I am not sure where that project stands, but at some point in time, someone will develop such a user experience and it will drastically change the way we think and use computers and telecommunications.
Where do you see the technology in 3 to 5 years?
I think speech recognition is currently going through a fairly normal technology circle - basic research, applied research, productization, use in applications, and back to research for improvements. ASR-based products and services are starting to come out; some good, some not so good.
Over the next several years, the market will figure out what works, and what doesnt, just like any technology-based industry. Everyone is learning from these early apps. I would expect a new round of emphasis on basic research to address the key technology needs that current algorithms are clearly deficient in - speech recognition over wireless and IP networks, speech understanding, and human-machine dialog control. The technology will continue to get better.
In order for speech to become ubiquitous, speech recognition has to get to the point where people forget they are using technology. When this happens we will truly see speech technology measuring up to the marketing hype. We have been experimenting with a service we call simply How May I Help You? where a customer can say anything he or she wants and the computer carries on an almost human-like conversation to address the users needs. At some points in the dialog, the user is asked to hold for an operator.
During our last trial, we heard many instances of Gee, I thought I was talking to an operator. This is what I am looking for and if stars are aligned, I expect to see this in our network in the next three to five years.
The speech industry still needs a few more killer apps that will take the computer-telephony industry by storm to get ASR beyond the market hype phase. ATandTs automation of operator services application is one killer app. Voice-control dialing and access to unified messaging is clearly another.

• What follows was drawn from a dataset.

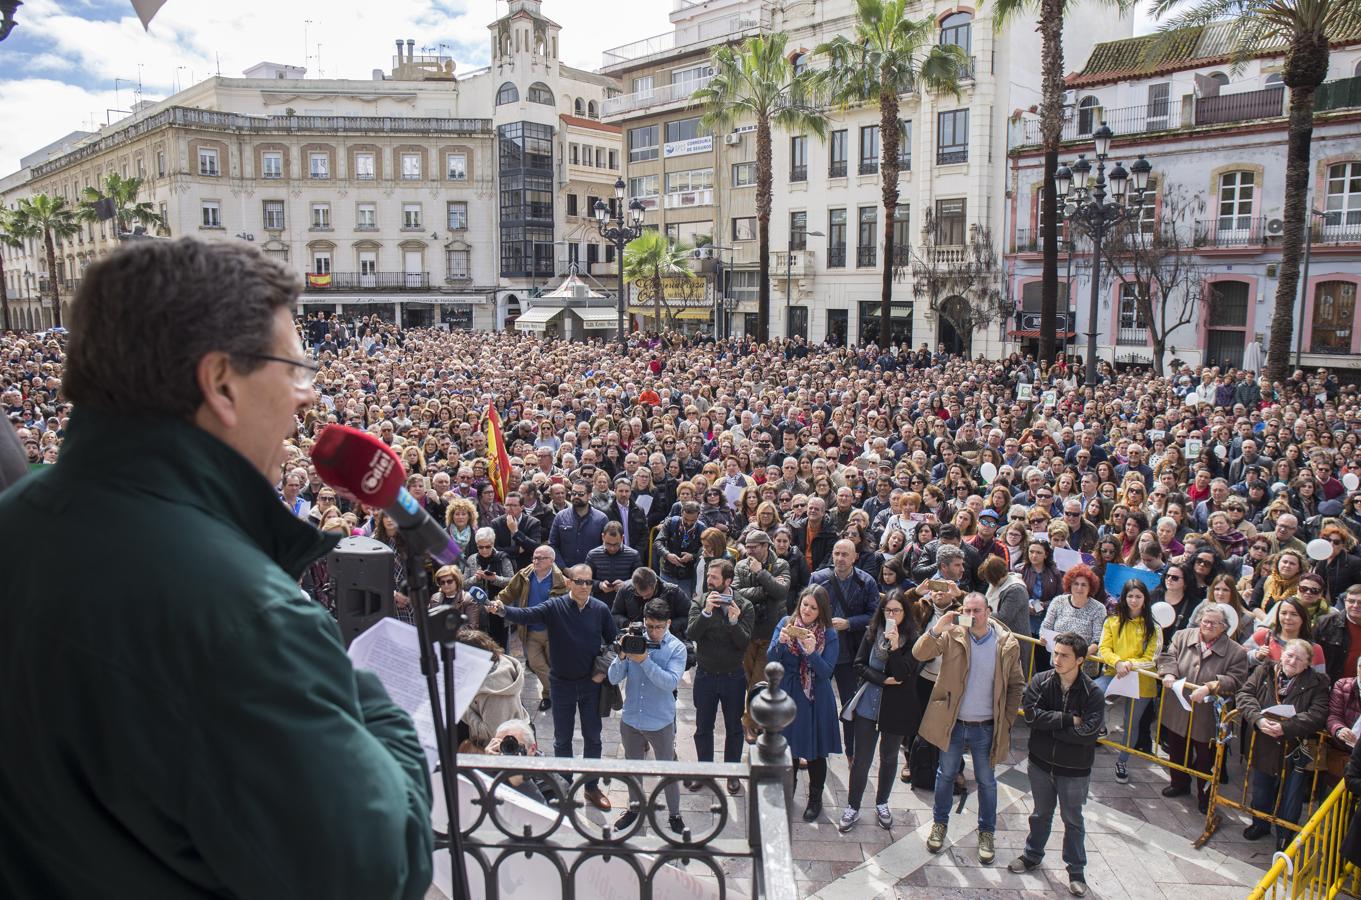 Huelva, foco de la concentración. La «Plataforma por la No Derogación de la Prisión Permanente Revisable» ha convocado manifestaciones por todo el país, siendo Huelva el punto central de las concentraciones. En concreto, unas 6.000 personas han salido a la calle en la capital onubense.

Using speech recognition for IVR-like applications is rapidly gaining acceptance, but we need more applications. Were beginning to see speech recognition being deployed with what Ill call advanced IVR-based apps, like getting stock quotation and news.

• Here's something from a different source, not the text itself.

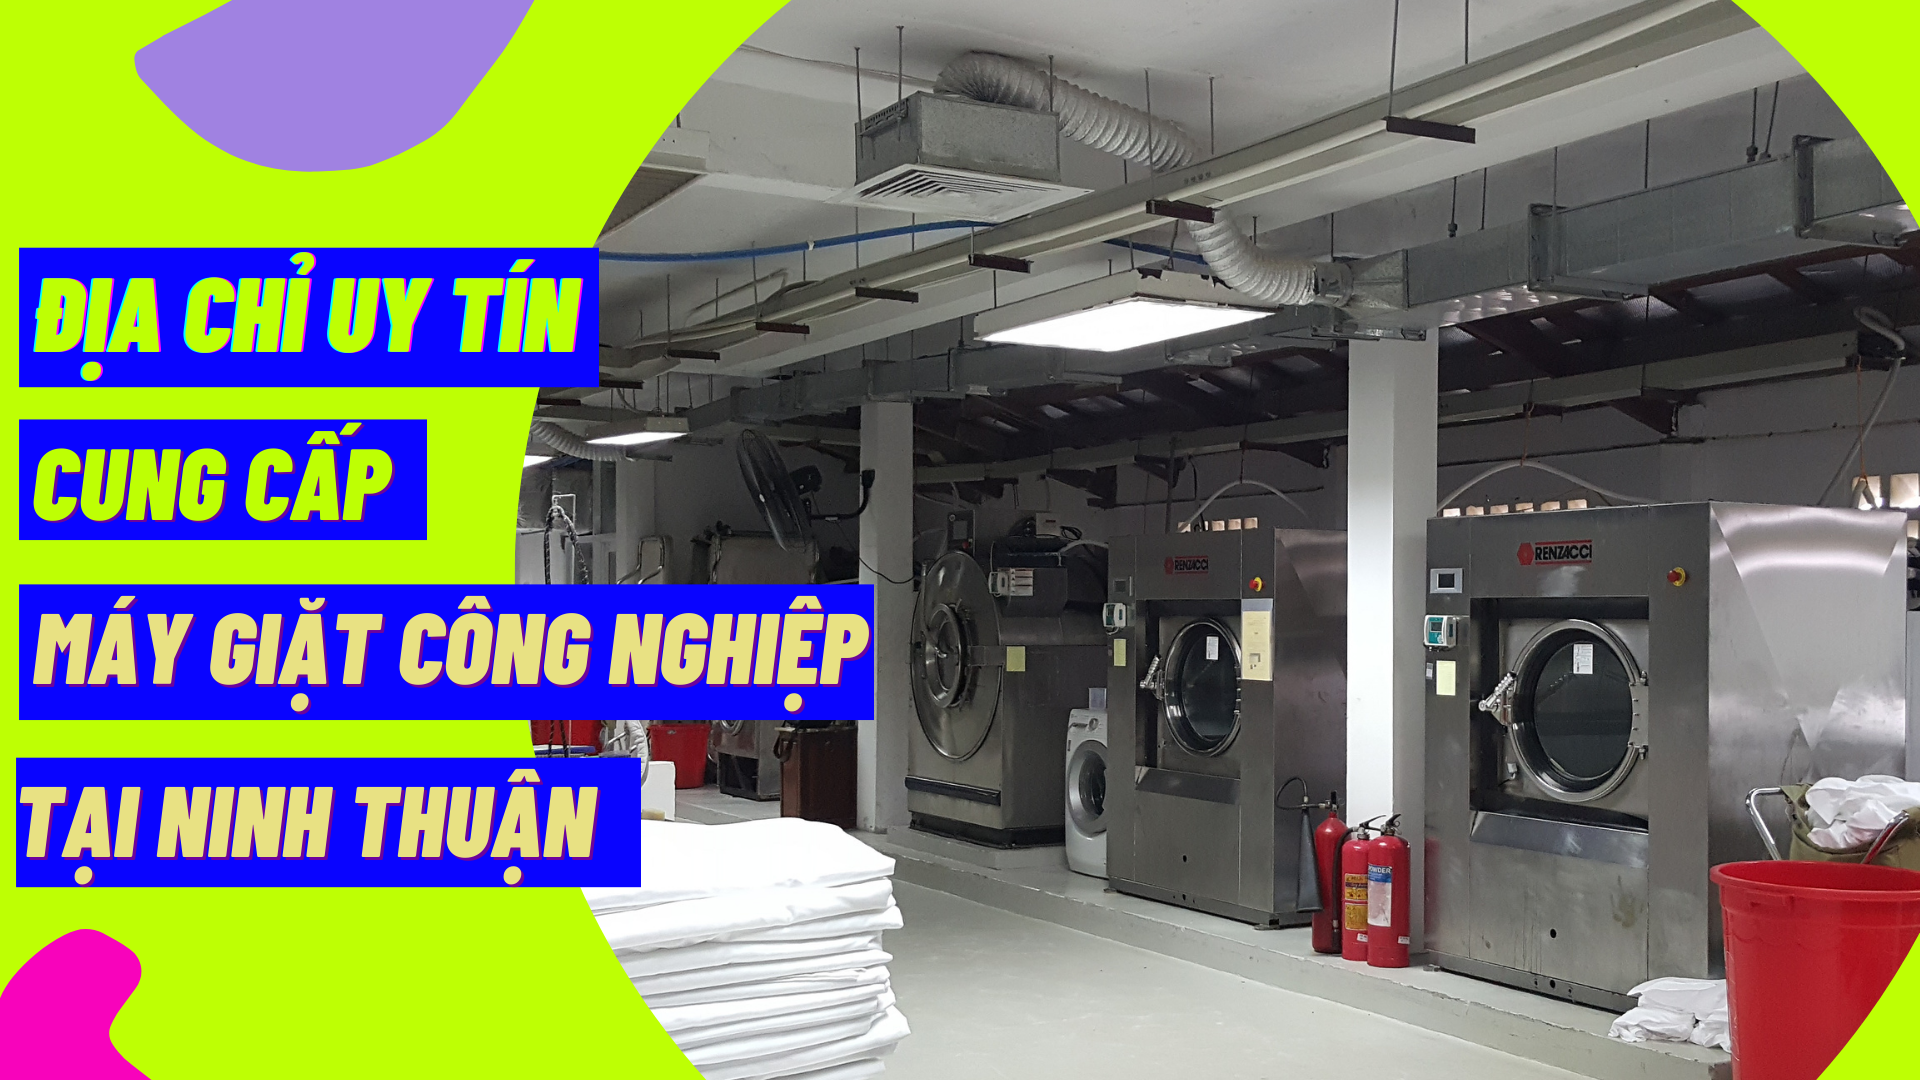 Địa chỉ uy tín cung cấp máy giặt công nghiệp tại Ninh Thuận

In the next few years, I hope to see a strong focus on user interface research and development to determine what the customer really wants out of the speech industry. You could look at picture phones as an example of a technology that was rejected for social reasons that had little to do with the technology.
We must understand where speech is, the appropriate and preferred user interface modality.
Can speech and voice dialing completely replace the telephone keypad?
Replace is too strong a word for me. Speech recognition will augment the keypad. Speech is just one mode of input. It will always play an essential role in new services, but it is not always the panacea. Speech has to be part of a well thought out multi-modal interface design strategy. This is where ATandT will continue to take its place as a leader in the field.
When you go back 100 years, telephones had no buttons on them. You just picked up a phone and were automatically connected to an operator. Lets call her Mabel. Mabel would connect you with your party, but she might also tell you about whether there was a storm coming, or other town gossip. Mabel was the true intelligent agent.
With the introduction of DialTone and touch-tone keypads, you are able to reach your party much easier, but there are fewer things you can do on the phone. Twelve buttons does not allow for much.
So in a sense, speech recognition and synthesis technologies are allowing us to go back to the future.